For detailed instructions, refer to the Add Nodegroup page.

  • Create a create-nodegroup-monitoring.yaml file that defines the node group.

    [Expand create-nodegroup-monitoring.yaml]

    NOTE : "propagateASGTags: true" is a mandatory setting.

    cat <<EOT > create-nodegroup-monitoring.yaml
    apiVersion: eksctl.io/v1alpha5
    kind: ClusterConfig
    managedNodeGroups:
    - amiFamily: AmazonLinux2
    desiredCapacity: ${PROJECT_NODEGROUP_DESIRED_SIZE}
    disableIMDSv1: false
    disablePodIMDS: false
    iam:
    withAddonPolicies:
    albIngress: false
    appMesh: false
    appMeshPreview: false
    autoScaler: true
    awsLoadBalancerController: false
    certManager: false
    cloudWatch: false
    ebs: false
    efs: false
    externalDNS: false
    fsx: false
    imageBuilder: false
    xRay: false
    instanceSelector: {}
    instanceType: ${PROJECT_NODEGROUP_EC2_NAME}
    labels:
    aic-role: ${PROJECT_NODEGROUP_LABEL}
    alpha.eksctl.io/cluster-name: ${AWS_CLUSTER_NAME}
    alpha.eksctl.io/nodegroup-name: ${PROJECT_NODEGROUP_NAME}
    maxSize: ${PROJECT_NODEGROUP_MAX}
    minSize: ${PROJECT_NODEGROUP_MIN}
    name: ${PROJECT_NODEGROUP_NAME}
    availabilityZones: ["${AWS_DEFAULT_REGION}a", "${AWS_DEFAULT_REGION}c"]
    privateNetworking: true
    releaseVersion: ""
    securityGroups:
    withLocal: null
    withShared: null
    ssh:
    allow: false
    publicKeyPath: ""
    tags:
    alpha.eksctl.io/nodegroup-name: ${PROJECT_NODEGROUP_NAME}
    alpha.eksctl.io/nodegroup-type: managed
    volumeIOPS: 3000
    volumeSize: 50
    volumeThroughput: 125
    volumeType: gp3
    propagateASGTags: true
    metadata:
    name: ${AWS_CLUSTER_NAME}
    region: ${AWS_DEFAULT_REGION}
    EOT
  • Create the node group with the following command:

    eksctl create nodegroup --config-file=create-nodegroup-monitoring.yaml
    [Expand Troubleshooting: 'AccessConfig']
    error getting cluster stack template: failed to parse GetStackTemplate response: json: unknown field "AccessConfig"

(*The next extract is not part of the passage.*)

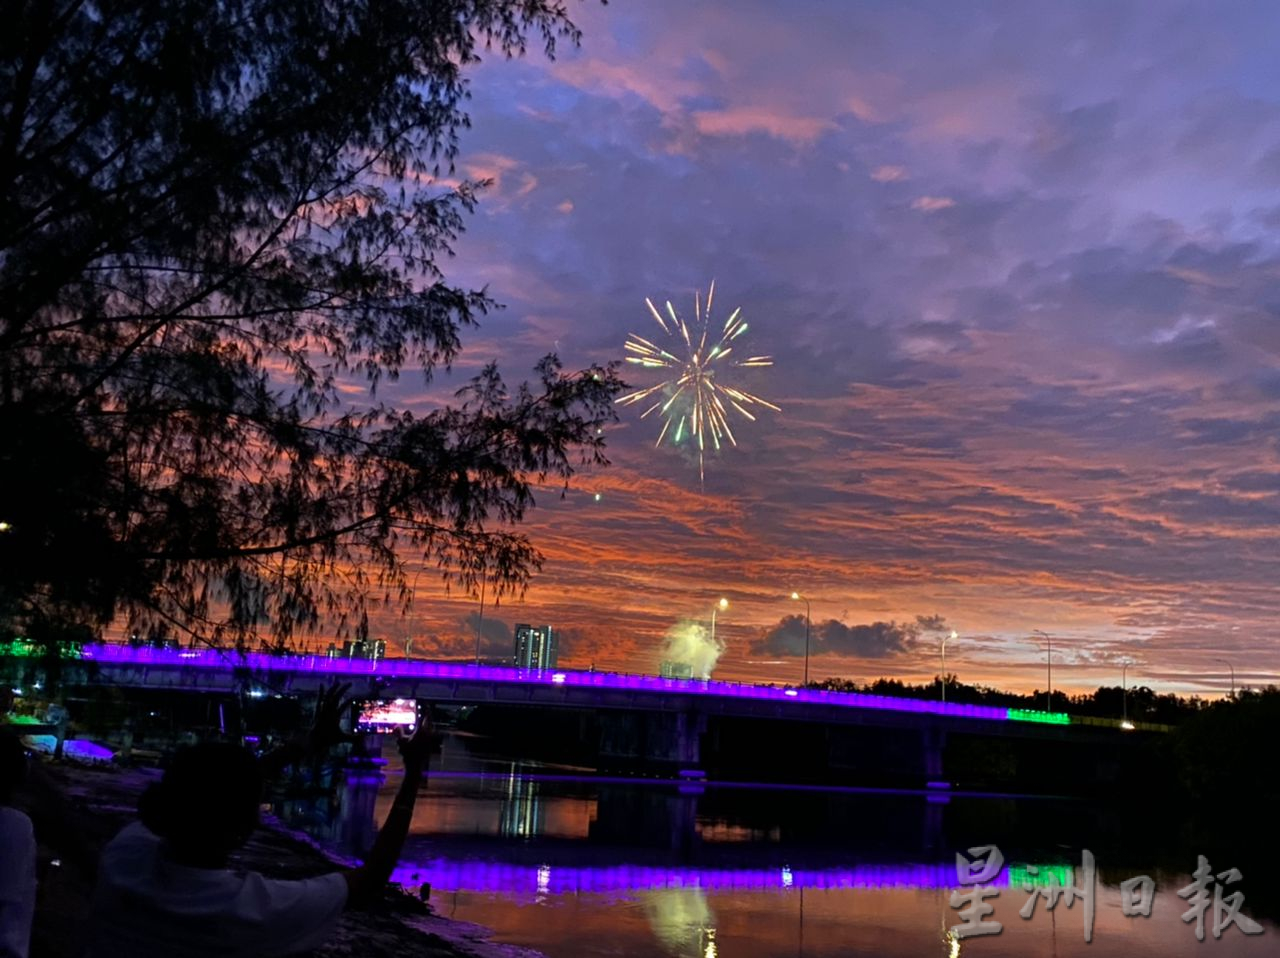 （大北马）横跨北赖河的东姑桥栏杆首次被披上变色彩灯喜迎国庆日。

    After updating eksctl, execute the command again.


1-2. Create Resource Monitoring Target Group

For detailed instructions, refer to the Create and Configure Target Group page.

  • You need a total of 2 target groups, each serving the following purposes:

    • tg-{AWS_DEFAULT_REGION_ALIAS}-{INFRA_NAME}-{DEPLOY_ENV}-aic-fe-{AWS_CLUSTER_VERSION_NUM}-30090 : Prometheus
    • tg-{AWS_DEFAULT_REGION_ALIAS}-{INFRA_NAME}-{DEPLOY_ENV}-aic-be-{AWS_CLUSTER_VERSION_NUM}-30050 : Grafana
    export AWS_CLUSTER_VERSION_NUM=`echo ${AWS_CLUSTER_VERSION} | tr '.' ''`

  • Create Target Group
    • Navigate to the AWS EC2 Console.
    • Click Target Groups from the left menu.
    • Click Create target group to start creating a target group.
    • Step 1: Basic configuration
      • Choose a target type: Instances
      • Target group name: tg-{AWS_DEFAULT_REGION_ALIAS}-{INFRA_NAME}-{DEPLOY_ENV}-mkd-pm-{AWS_CLUSTER_VERSION_NUM}-30090
      • Protocol: Port: HTTP : 30090
      • IP address type: IPv4
      • Select VPC: {AWS_VPC_NAME}
      • Protocol version: HTTP1
    • Step 2: Health checks
      • Health check protocol: HTTP
      • Path: /
    • Click Next and then Create target group to complete.
    • Create another target group similarly, with the following name and port:
      • tg-{AWS_DEFAULT_REGION_ALIAS}-{INFRA_NAME}-{DEPLOY_ENV}-mkd-gf-{AWS_CLUSTER_VERSION_NUM}-30050
        • Protocol: Port: HTTP : 30050

  • Set Target Group Attachments

    • Navigate to the AWS EKS Console.
    • Click on {AWS_CLUSTER_NAME}.
    • Go to the Compute tab.
    • In the Node groups section of the Compute tab, click {PROJECT_NODEGROUP_NAME}.
    • In the Autoscaling group name section of the Details tab, click on the asg group resource.
    • In the Auto Scaling groups section, under the Details tab, go to Load balancing and click Edit.
    • Step 1: Load balancing
      • Check Application, Network, or Gateway Load Balancer target groups.
      • From the Load balancers list, select the following:
        • tg-{AWS_DEFAULT_REGION_ALIAS}-{INFRA_NAME}-{DEPLOY_ENV}-mkd-pm-{AWS_CLUSTER_VERSION_NUM}-30090
        • tg-{AWS_DEFAULT_REGION_ALIAS}-{INFRA_NAME}-{DEPLOY_ENV}-mkd-gf-{AWS_CLUSTER_VERSION_NUM}-30050
      • Click Update to finalize the settings.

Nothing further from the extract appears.